◆ Exercise objective
Transcribe the listing below verbatim, omitting pictures.

◆ Given information
:::::

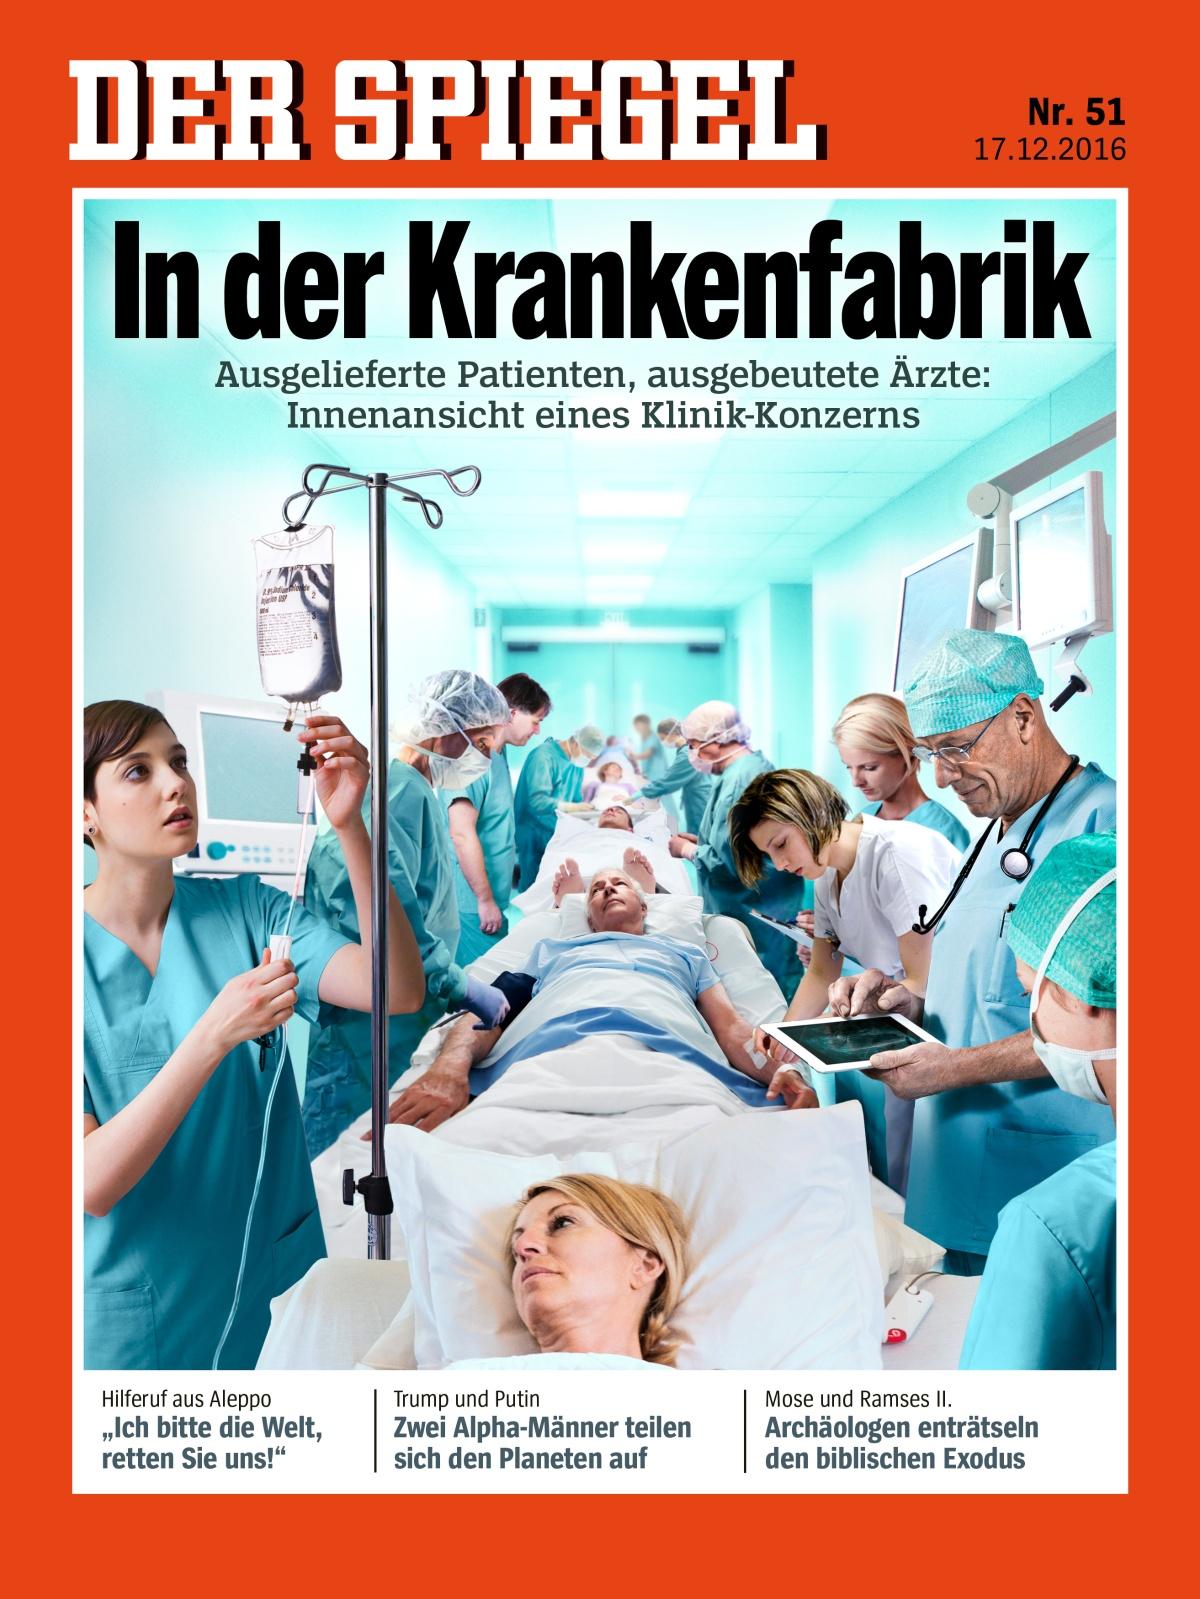 Kittihawk der spiegel 2016 51 for Spiegel jahresbestseller 2016
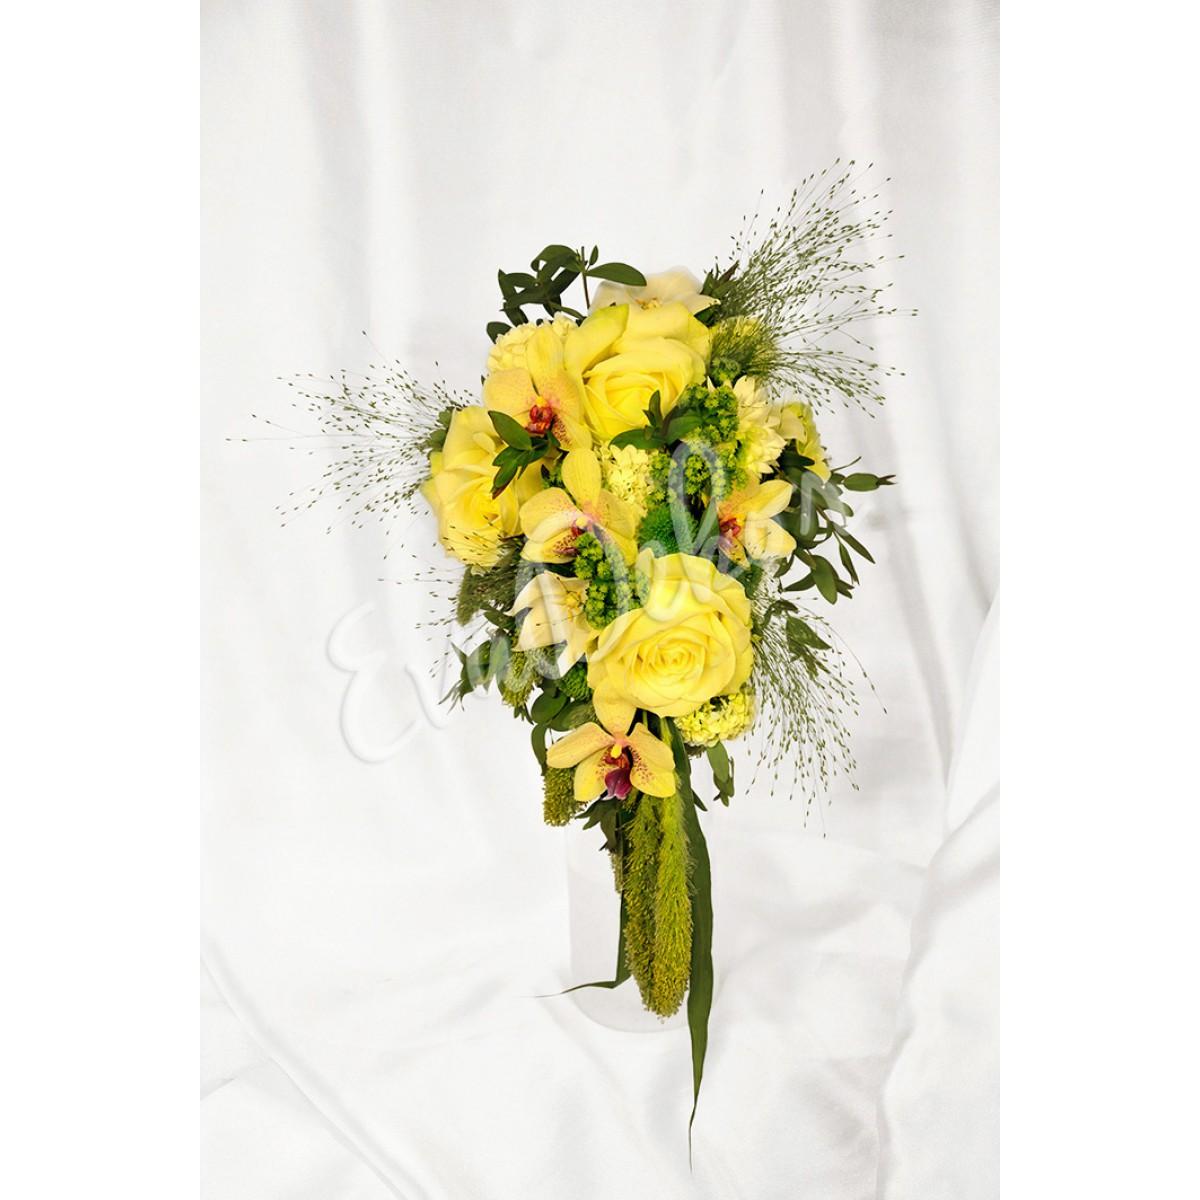 Svatební kytice Smím prosit?
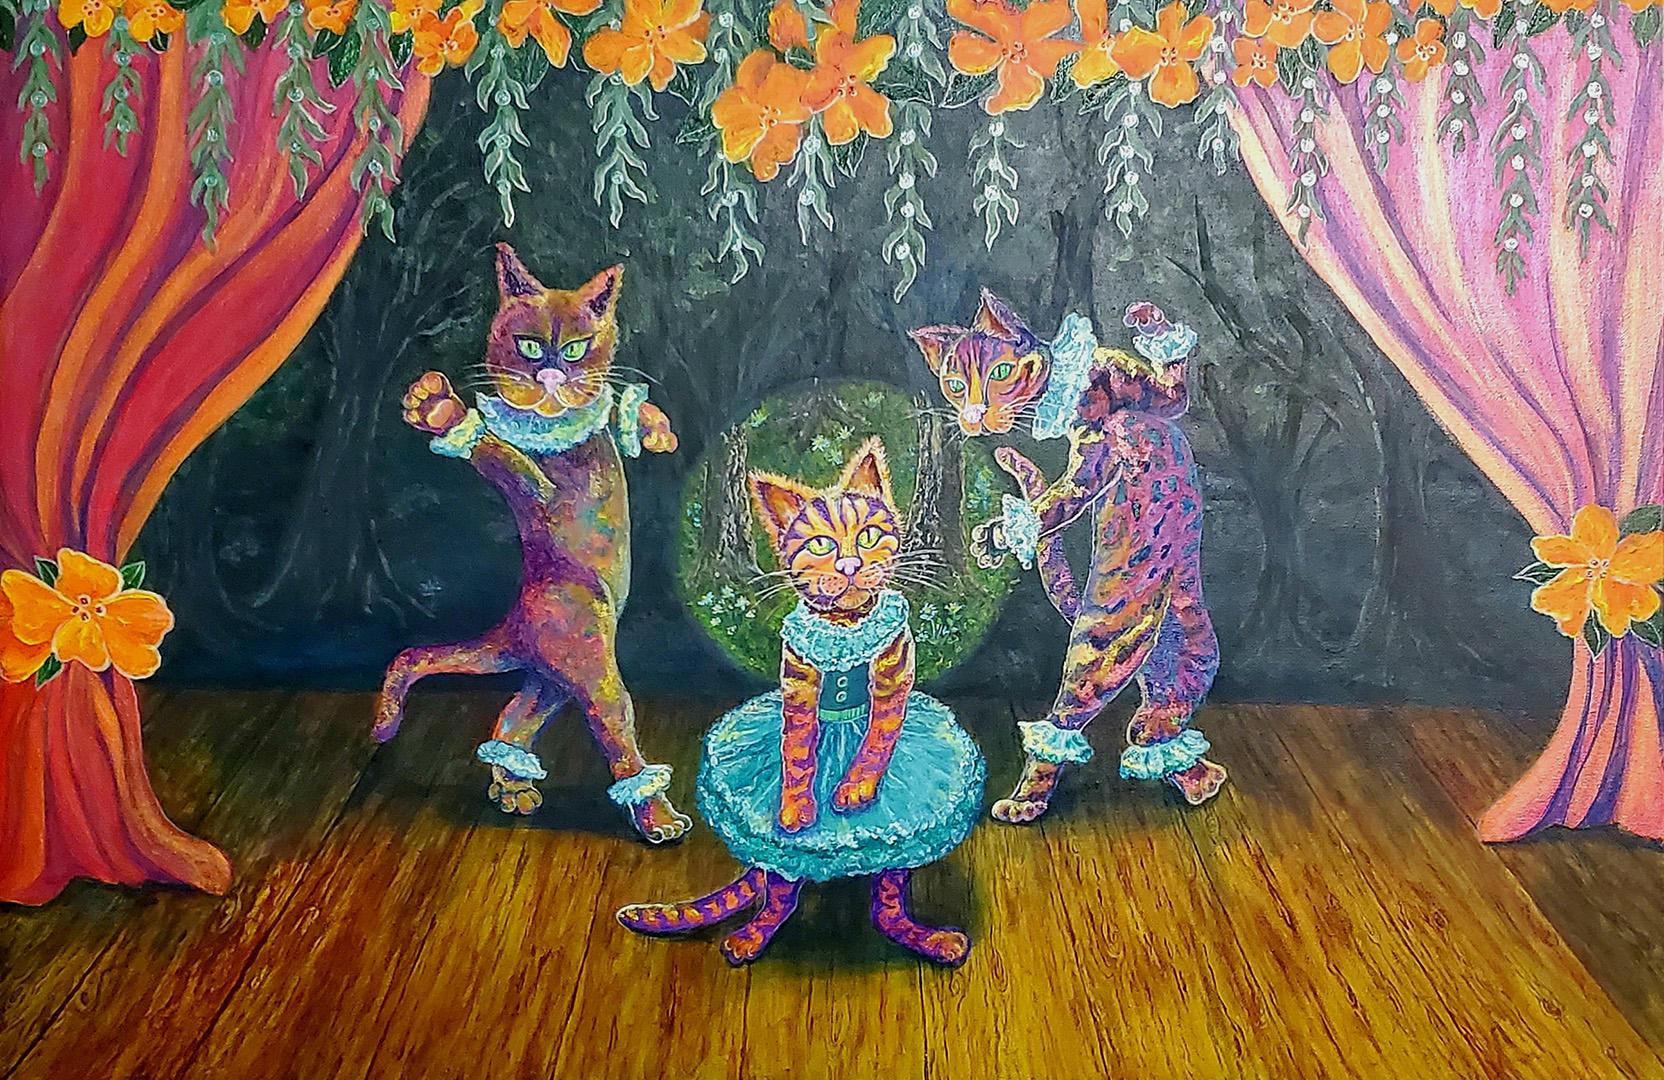 The Kitty Ballet

:::::

◆ Reply to the task
 Kittihawk der spiegel 2016 51 for Spiegel jahresbestseller 2016
 Svatební kytice Smím prosit?
 The Kitty Ballet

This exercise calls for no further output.